The Federal Communications Commission hopes to strengthen rules around online privacy. The commission is circulating a proposal today that would require internet service providers — like Comcast, Verizon, and AT&T — to get your permission before sharing information about you with many outside parties
Under the proposal, internet providers will still be able to use your information to market their own services to you. They'll also be able to share your information with "affiliates" that want to advertise other "communications-related services," however you'd be given the ability to opt out. To share your information with anyone else, internet providers will need explicit permission. "When consumers sign up for internet service, they shouldn’t have to sign away their right to privacy," the commission writes.

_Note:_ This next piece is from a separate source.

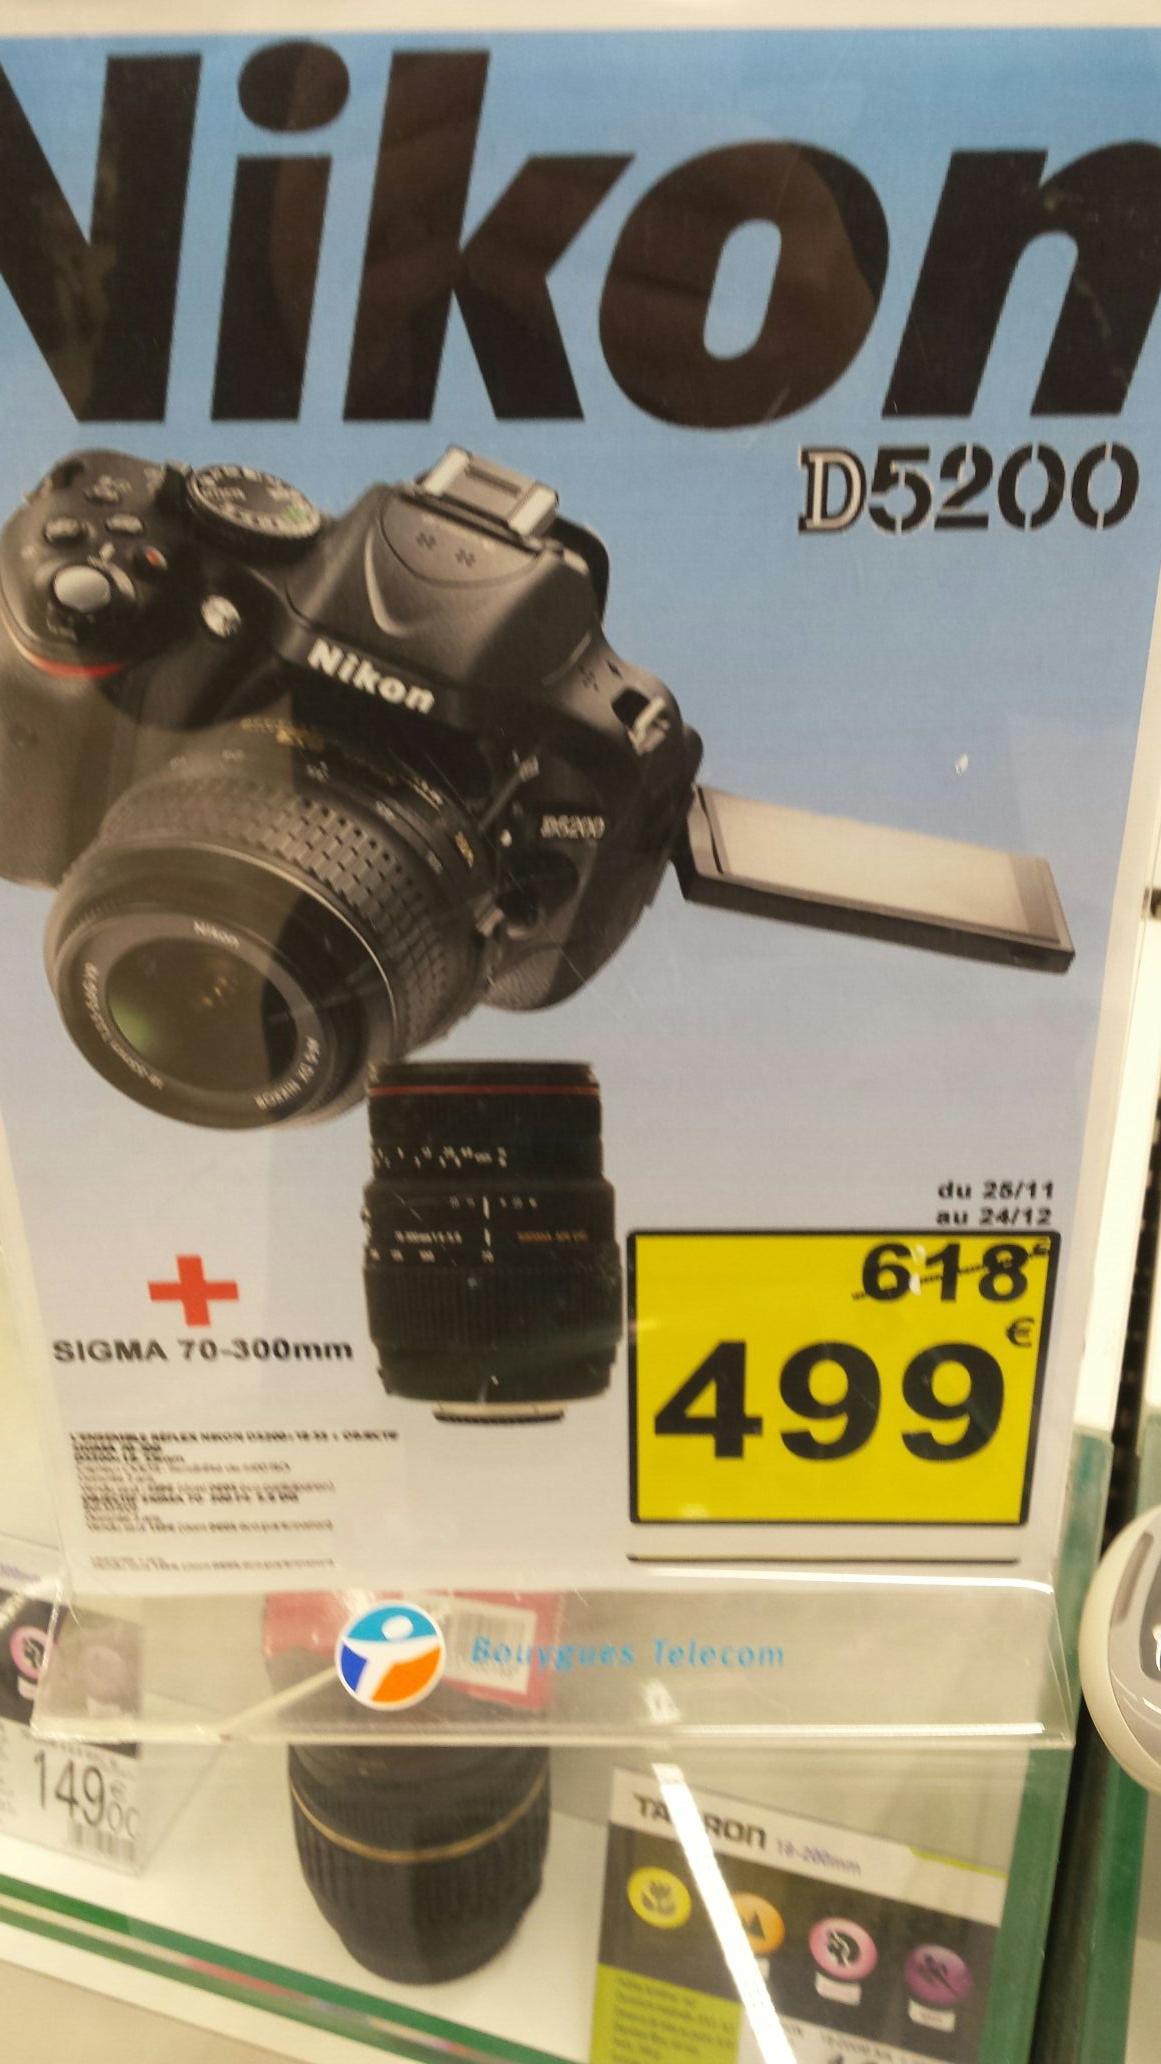 Nikon d5200 +18-55 VRII Kit +Sigma 70-300

Internet providers would have to 'take reasonable steps' to secure your data
The FCC's concern lies in how much information your internet provider knows about you. Your ISP "has a broad view of all of your unencrypted online activity — when you are online, the websites you visit, and the apps you use," FCC chairman Tom Wheeler writes in an op-ed published in The Huffington Post. That could allow an internet provider to know far more about its customers than many would like; and because that information is often later shared with ad networks, it can persist across many companies.
In addition to limiting what internet providers can do with your information, Wheeler wants to require that internet providers keep your information secure. Under the proposal, internet providers would be required to "take reasonable steps" to secure your information. Internet providers would also be required to disclose security breaches. The FCC would have to be told within a week, and affected customers would have to be notified within 10 days. If it's a large breach, impacting more than 5,000 customers, the FBI and US Secret Service would have to be notified within a week as well.
These rules would only apply to internet providers — the FCC isn't regulating how Facebook or Google handle your information, for example (the Federal Trade Commission has the authority in those cases). But as Wheeler notes in his op-ed, limiting what internet providers can do with your information is a critical first step toward online privacy. As we've seen with situations like Verizon's use of "supercookies," this highly personal information is already being used as an advertising tool. Many people would likely prefer that information stay as private as possible. Now that the FCC is regulating internet providers under Title II, it's able to make rules like these to protect consumer data.
The FCC will vote on this proposal at its March 31st meeting, where it'll likely be approved. At that point, a comment period will open wherein the commission will ask the public and businesses for their thoughts on the proposed guidelines. That's also how the commission will nail down this proposal's specifics. One important open question: what exactly is a "communications-related service?" A senior FCC official said it could mean "voice, broadband, and cable" — services regulated by the FCC — but the official also said the commenting period will be used to determine whether it's something broader. Whether internet providers can charge you extra for opting out is another key question, too. Following several months of comments, the commission will shape its final rules, which will also have to be voted on and approved.